6. This is also how it should be in the judge's interaction with the constitutional and legal provisions to be applied, with a view to disentangling the norm that the case under judgment may require. The judge must surrender himself completely to this living thing that is the legal provision to be interpreted, so that it surrenders itself completely to him, the judge, presenting him with normative possibilities often as unprecedented as they were unsuspected ("life only gives itself to those who gave themselves," Vinícius de Moraes rhymed). With what this communicative judge reveals, more than linear technicality, more than an uncontrolled outpouring of bile, the aforementioned evolution as a person. A change of mentality, then, more than mere personal behavior. Therefore, the improvement of the judge not only as a professional but also as a human being in search of his existential fulfillment. In line with that spiritual proposition that Shakespeare immortalized in the judgment: "Transformation is a door that opens from within."
7. This is a new kind of judge.

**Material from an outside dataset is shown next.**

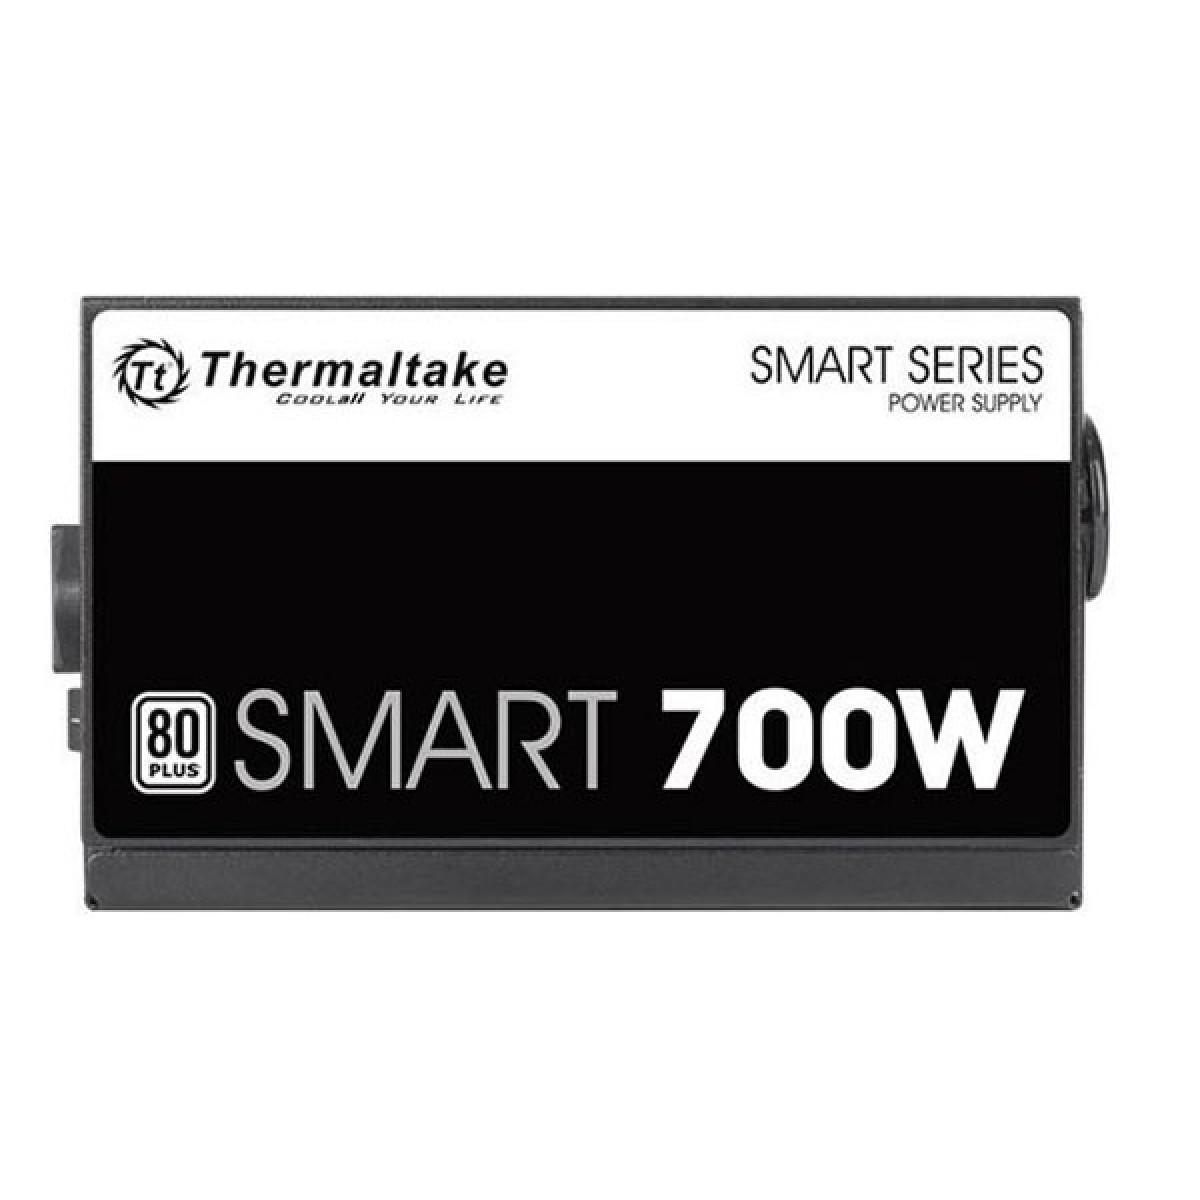 FONTE ATX 700W SMART 80 PLUS SPD-0700P THERMALTAKE

A judge militantly focused on reconciling the poles of the most important human dichotomy (thought and feeling), in order to also reconcile the principal dualities with which he or she works professionally: security and material justice. The latter is present in those values that most dignify life in society, exemplified by administrative morality and the political-civil, social, and fraternal inclusion of human beings. Hence, we can now speak of a three-pronged democracy—precisely liberal, social, and fraternal—as a holistic "State of Justice." Something far more advanced than a simplistic and often deliriously formalistic "Rule of Law."
8. Ultimately, we are talking about a new type of judge who, in addition to interacting dialogically with the standards they are responsible for applying to the highest degree possible, seeks to listen to the real desires of society to see to what extent they are met in our legal system, thus enabling the formation of well-founded decisions. This promotes the reconciliation of law with life itself. If you prefer, a judge who operates within themselves this reconciliation between thought and feeling, to achieve a state of consciousness that leads to the most perfect combination of science and art, firmness and lightness, attention and relaxation, the brief and the intense. A judge whose only closed question is their openness to the new.
(*) Supreme Court Justice. PhD in constitutional law from the Pontifical Catholic University of São Paulo. Member of the Brazilian Academy of Legal Letters.